C. Historical Development of the Credit‐Card Industry

The modern payment‐card industry began in 1949 with the “Diner’s

Club,” a joint venture between two individuals who used a small sum of start‐up

capital to register fourteen New York restaurants for participation.11  Diner’s

Club initially charged participating restaurants seven percent of the total tab and

gave cards away to diners for free.  This model was so successful that by its first

anniversary, Diner’s Club boasted a membership of over 330 U.S. restaurants,

hotels, and nightclubs.  At that point, though it had begun charging a

membership fee to its 42,000 cardholders, Diner’s Club was earning over three

quarters of its revenue from the merchant side of its platform.

 

10 See Evans & Noel, supra note 6, at 682; see also id. at 668 (“Empirical surveys of

industries based on [two‐sided platforms] find many examples of prices that are low, or

even negative, so that customers on one side are incentivized to participate in the

platform.”).

11 See David S. Evans, Some Empirical Aspects of Multi‐Sided Platform Industries, 2 REV.

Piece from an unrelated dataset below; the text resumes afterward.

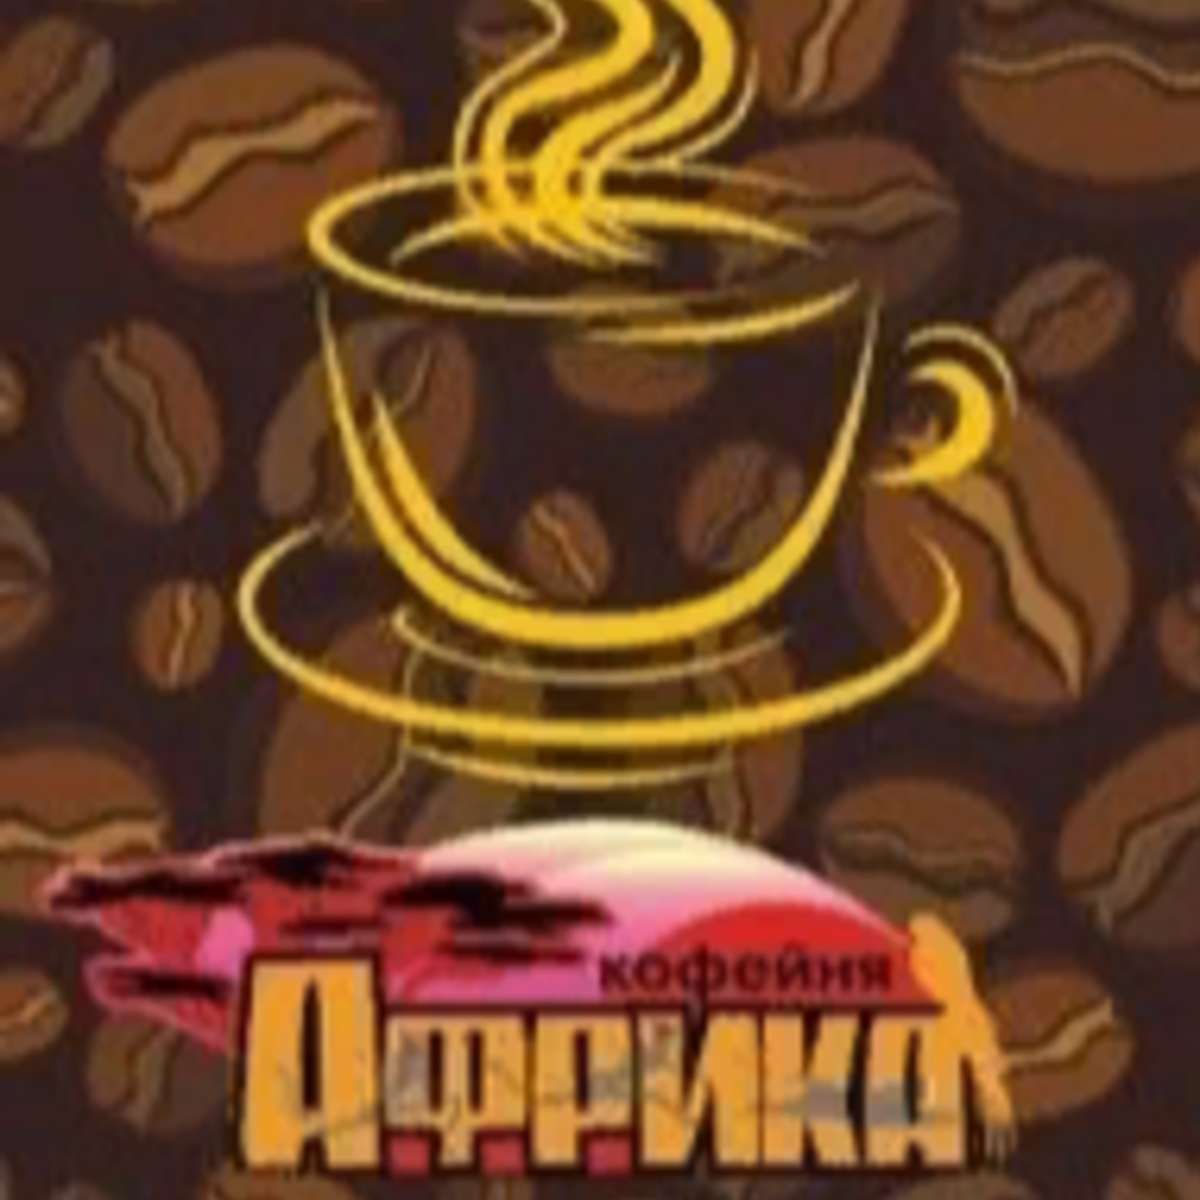 кафе африка нижний новгород

NETWORK ECON. 191 (2003), reprinted in Davis S. Evans & Richard Schmalensee, The

Industrial Organization of Markets with Two‐Sided Platforms, COMPETITION POLICY

INTERNATIONAL (Spring 2007), reprinted in PLATFORM ECONOMICS: ESSAYS ON MULTI‐

SIDED BUSINESSES 1, 282 (David S. Evans ed. 2011).  Prior to 1950, payment cards were

issued only by retailers for use in their stores.  Then and now, these “store cards”

operate as one‐sided markets because they are distributed to only a single set of

consumers: cardholders.  See id. at 283.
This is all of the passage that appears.